What is Yours? May 9, 2014 ~ Lisa Helm “He is the long-delayed but always expected something that we live for.” Tennessee Williams “The Glass Menagerie” What is YOUR “long delayed but always expected”? Share this:TwitterFacebookLike this:Like Loading...
3 thoughts on “What is Yours?”
My long delay is my graduation year. As a child, I always wanted to grow up and be treated like an adult. But now that I am finally growing up and soon to be eighteen, I realize how much I miss being a little kid. When I was a little girl I didn’t worry about what I looked like, how high my grades were or what others thought about me. My future is here now though and I must embrace it.
Even though I am terrified of the future, having to one day move out, get a real job, and be independent, this is something that I have looked forward to for as long as I can remember. Those who have graduated before me and those I see graduating very soon, seem to have so much fun and have always made exciting memories. Everyone always tells me that you should have the time of your life in grade 12; don’t waste a moment of your last year of high school because you will never have this opportunity again. I can’t wait to join in all the fun grad activities, buy a grad dress and go on a grad trip with all my friends.
I know that my last year of high school will be an extremely stressful year for me, with all the diploma exams, having to decide what I want to do in the future and truly growing up into a responsible adult. However, in the end it will all be worthwhile, as I move forward into the next exciting phase of my life and my long delay finally arrives.
My long-delayed but always expected would have to be my future. In this last year of school I’ve began to think non stop about what my life will be like as I grow older. When you’re younger it’s the idea of becoming 16. The big sweet sixteen when you can drive and have all the freedom in the world. I remember being at elementary school wanting nothing more the big girls that strut up and down the halls. Id dream of what I would look like and what kind of person I would become. Once I got to grade 9 and entered the ever terrifying high school my fixation transferred to the grade 12 girls, the ones who dressed like something out of a magazine. I was so envious of their confidence and how they looked so sure of themselves. Now that I’ve hit eleventh grade and I see close friends graduating and leaving the comfort within the four walls of St. Joe’s I fear for what lies beyond them. At least once a day I think about my goal of pursuing a career in nursing. College is a scary thought and I can’t help but wonder if I will be able to get through it. Then I go on to thinking about achieving my goals in education to actually using these learned traits in the real world. I’m constantly wondering if I will be good enough and if people will take me seriously. After all of the worries about my career fade away the idea of family lingers on. I’ve always wanted the perfect little family that you hope is a reality and not just some fantasy that you fabricated in your head. A boy and a girl, not too far apart in age so that they are able to keep each other company. Supporting this dream might be what scares me the most. I know nothing of the adult world. Taxes and budgeting are all a mystery to me. All of these pieces of my future combine to form one big headache that I can’t get rid of. All I want for myself is to succeed, yet the fear of failure is persist in the fact that it never leaves me alone. My long-delayed but always expected is not on my future, but all of the obstacles that lie in my way of reaching my desired outcome.

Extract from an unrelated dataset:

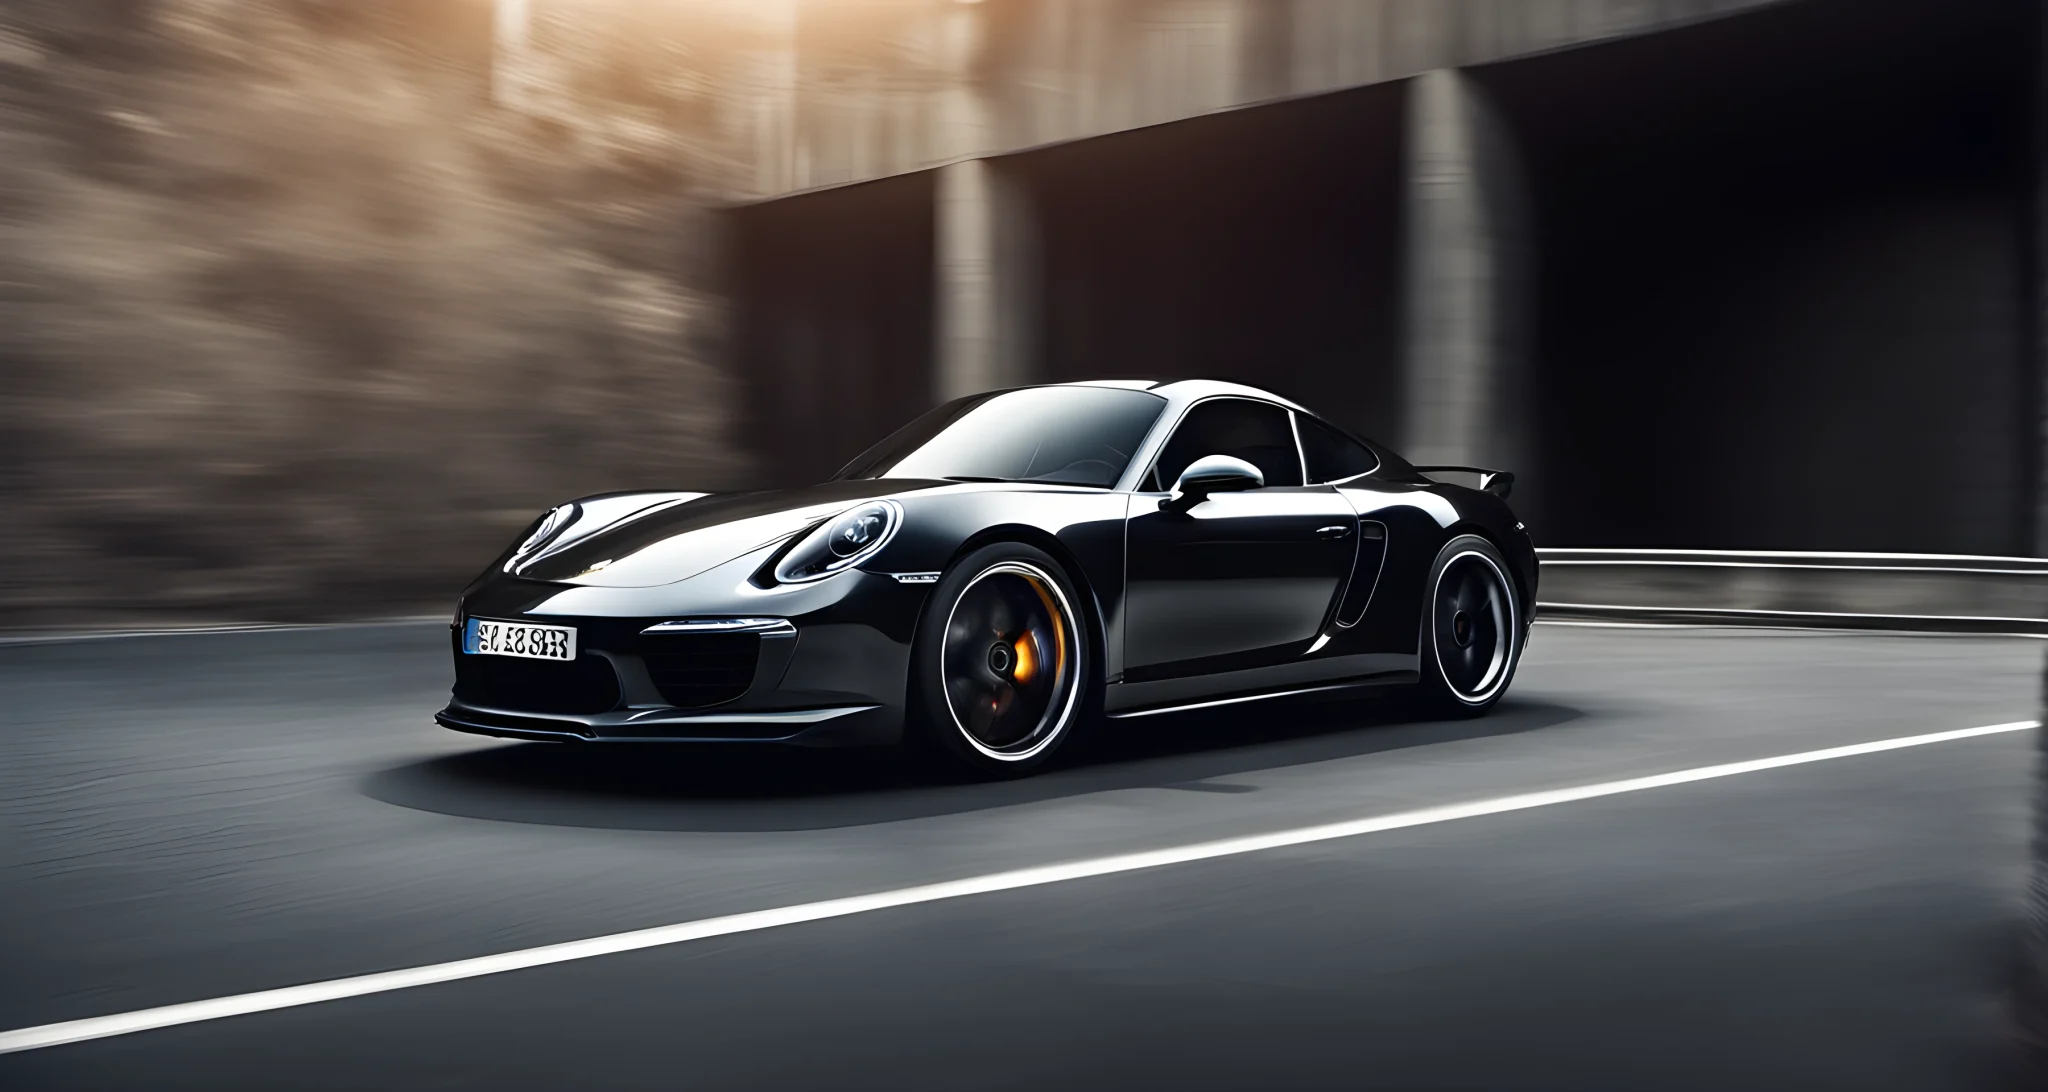 The image features a sleek, high-performance Porsche sports car with a powerful engine and advanced transmission system.

Since I was young I dreamed of becoming a professional sports star. The sport was undecided although I knew I wanted to peruse the things I loved for the eternity of my life. It wasn’t for the money or the fame for that matter, it was the atmosphere. The sudden shortness of breath as you enter the stadium, blood beating heavily as the puck is dropped or the first pitch grazes the strike zone. Pursuing a common goal with a team, which is like your second family. Although my long delay but always expected soon became unexpected. It hit me like a gust of wind in a southern storm. Devastated I realized it takes more than a dream to make reality and with every choice comes opportunity. Therefore with every closed door a new one opens. So the quest began again, and with long hours of searching my vocation became clear; a sports therapist and dietitian. This path is practical but also holds bits and pieces of my fantasy. Ultimately I have come to the conclusion that the dreams we have shed are like relatives to our long delayed but always expected. Dreams are something that we long for and somewhere deep in our hearts are always expected. We all know life isn’t perfect therefore with dreams come compromise. You never know, compromise may be the key to unlock your long delayed but always expected.